Last fall, he went to a mortgage broker and refinanced again to make his payments easier to bear. He thought he would have a five-year window before the principal started coming due.
But the day of reckoning is arriving early. By paying the minimum, Hertzberg has increased the size of his loan in a little over a year from $320,000 to $332,616. His lender, Calabasas-based Countrywide Financial Corp., recently sent him a letter warning that when his loan hits 115% of its original size he'll run out of credit with the company.
That will happen in about two years if he continues to take the smallest payment option. Then his minimum payment will automatically go up 150%, to $2,848 a month.
"If I could afford that," he said, "I wouldn't have needed this loan in the first place."
It's a sorry situation, and Hertzberg is generous in assigning responsibility for it.

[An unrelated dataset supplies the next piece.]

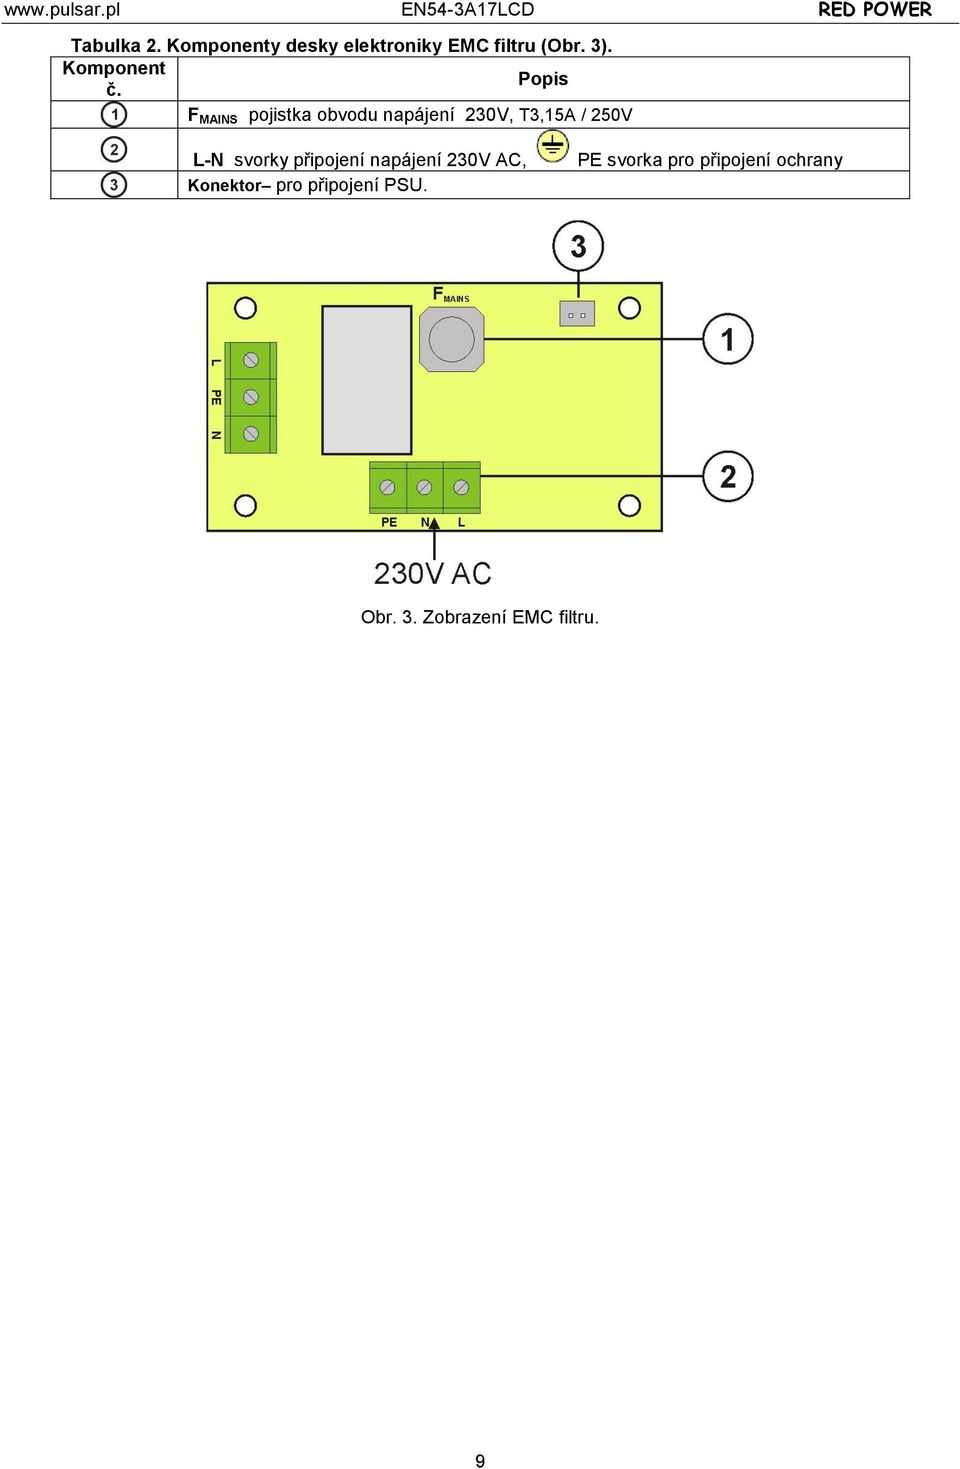 F MAINS pojistka obvodu napájení 230V, T3,15A / 250V L-N svorky
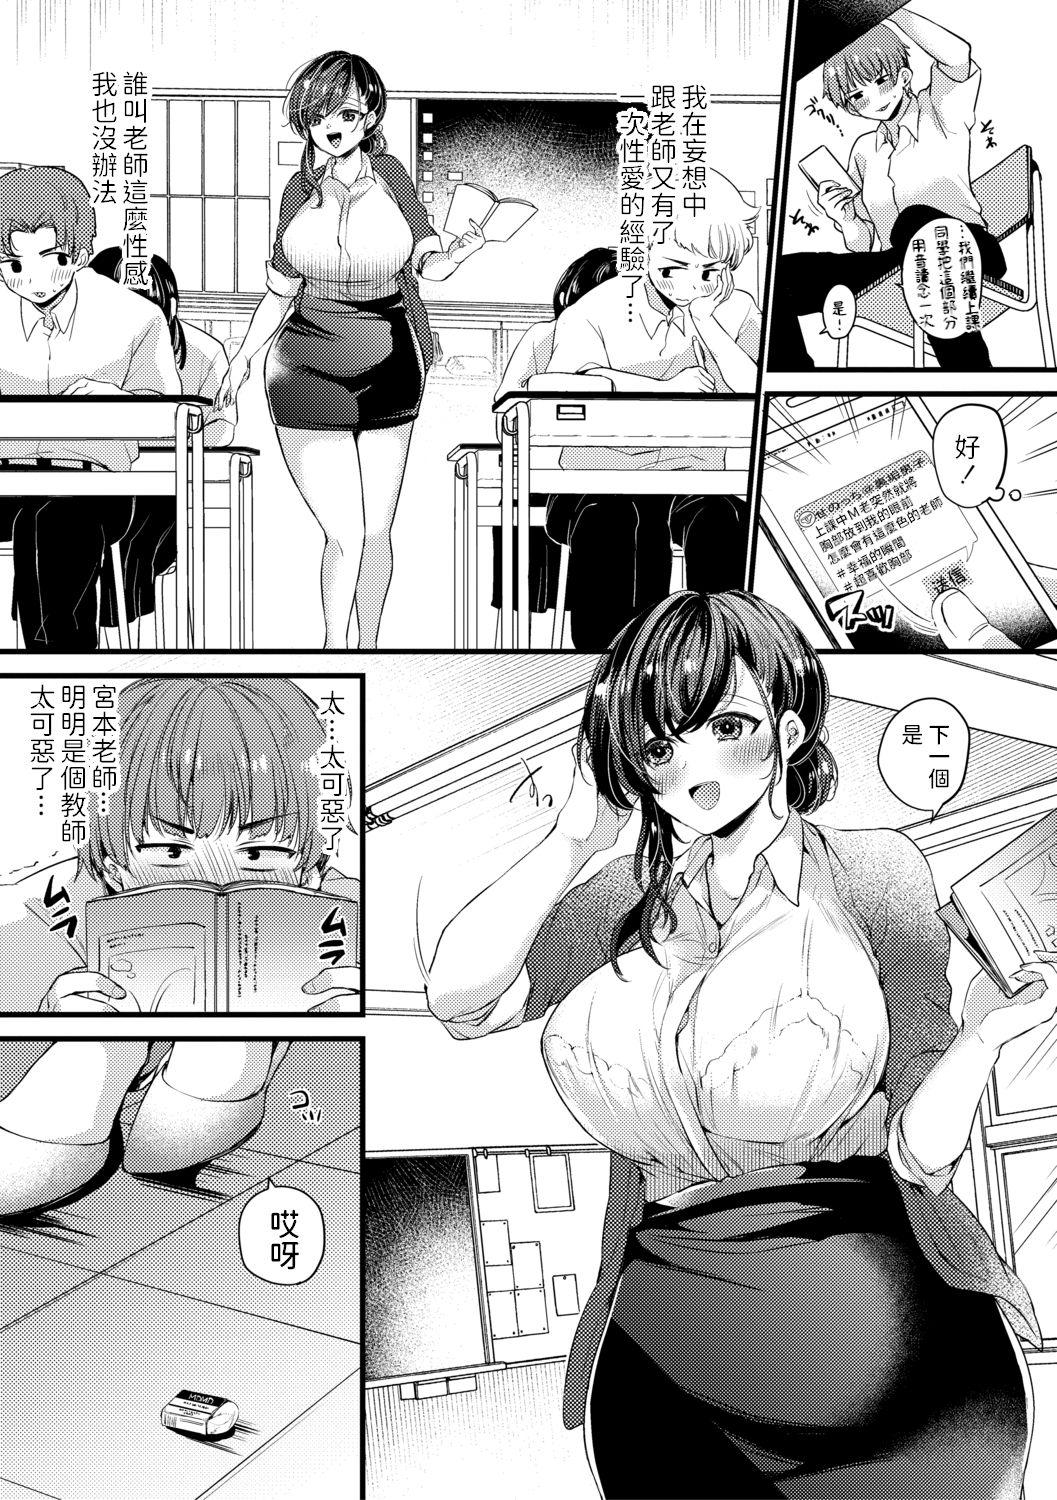 White Chick Genjitsu wa Uraaka yori Ecchi nari Chaturbate - Page 3

To start with, he blames his mortgage broker, who didn't advise him how risky these loans were.
Few brokers do, U.S. Comptroller of the Currency John Dugan says.
In an October speech, Dugan said the marketing materials for payment option loans often "emphasized the low initial payments but glossed over the likelihood of much higher payments later." He also said some lenders were not evaluating the borrowers' ability to handle the inevitable higher payments.
Although Dugan and other regulators are taking steps to address both problems, Hertzberg said they never should have allowed these loans to become so prevalent in the first place.
"The government wanted to keep the housing party going," he said.
Yet who didn't want that? Hertzberg admits he was a willing co-conspirator.
"I got spoiled and complacent and was not prepared when the bottom fell out," he said.
COUNTRYWIDE sees little risk of widespread foreclosures, saying its pay option customers have good credit scores, indicating a high degree of financial stability. But at a company investment conference in September, Chairman Angelo R. Mozilo seemed to indicate that these borrowers might be naively optimistic.
"The average age of our borrowers is about 38 years old," Mozilo said. "They have never in their adult lives seen values going down. The concept is alien to them."
Just how many of these homeowners will end up in trouble is the big unknown for the housing market and the economy. Although many economists expect the loans to prompt a certain degree of turmoil, they don't think it would cause a recession.
Hertzberg is much bleaker. He's become a connoisseur of doom, a subscriber to websites and newsletters that predict the economy is headed for both recession and inflation.
The bears' speculation: A rapid increase in foreclosures will flood the market with cheap homes, putting all of real estate into a tailspin. That would push up unemployment among builders, lenders, home improvement warehouses and furniture stores. That, in turn, would stall the economy, which is already slowing.
Although Hertzberg has lost his complacency, he hasn't been compelled to act.
He estimates it would cost about $22,000 to fix up his house for sale, and he'd have to upend his life. The sales agent would take another chunk of money, and he'd have to undercut the crowded market to secure a buyer. Texas and Panama, two places he has thought about moving, aren't so appealing that he wants to be broke there.
When the year-over-year appreciation numbers in Corona start heading down, he says, he'll do something.
If Hertzberg is living on borrowed time, there's small comfort in the home finance industry's endless inventiveness. It's certainly trying to tempt him. Several times a week, he gets a refinancing offer in the mail.
The latest one suggested a certain unfamiliarity with basic English, proclaiming, "Economic forecast suggests you Interest Rate will increase 1.00% every six months." But its central message was clear: "We can solve your problem in 15 minutes over the phone."
Hertzberg always looks at these fliers, hopeful in spite of himself. "I'm waiting for a 100-year loan," he said. "My heirs can worry about paying it off."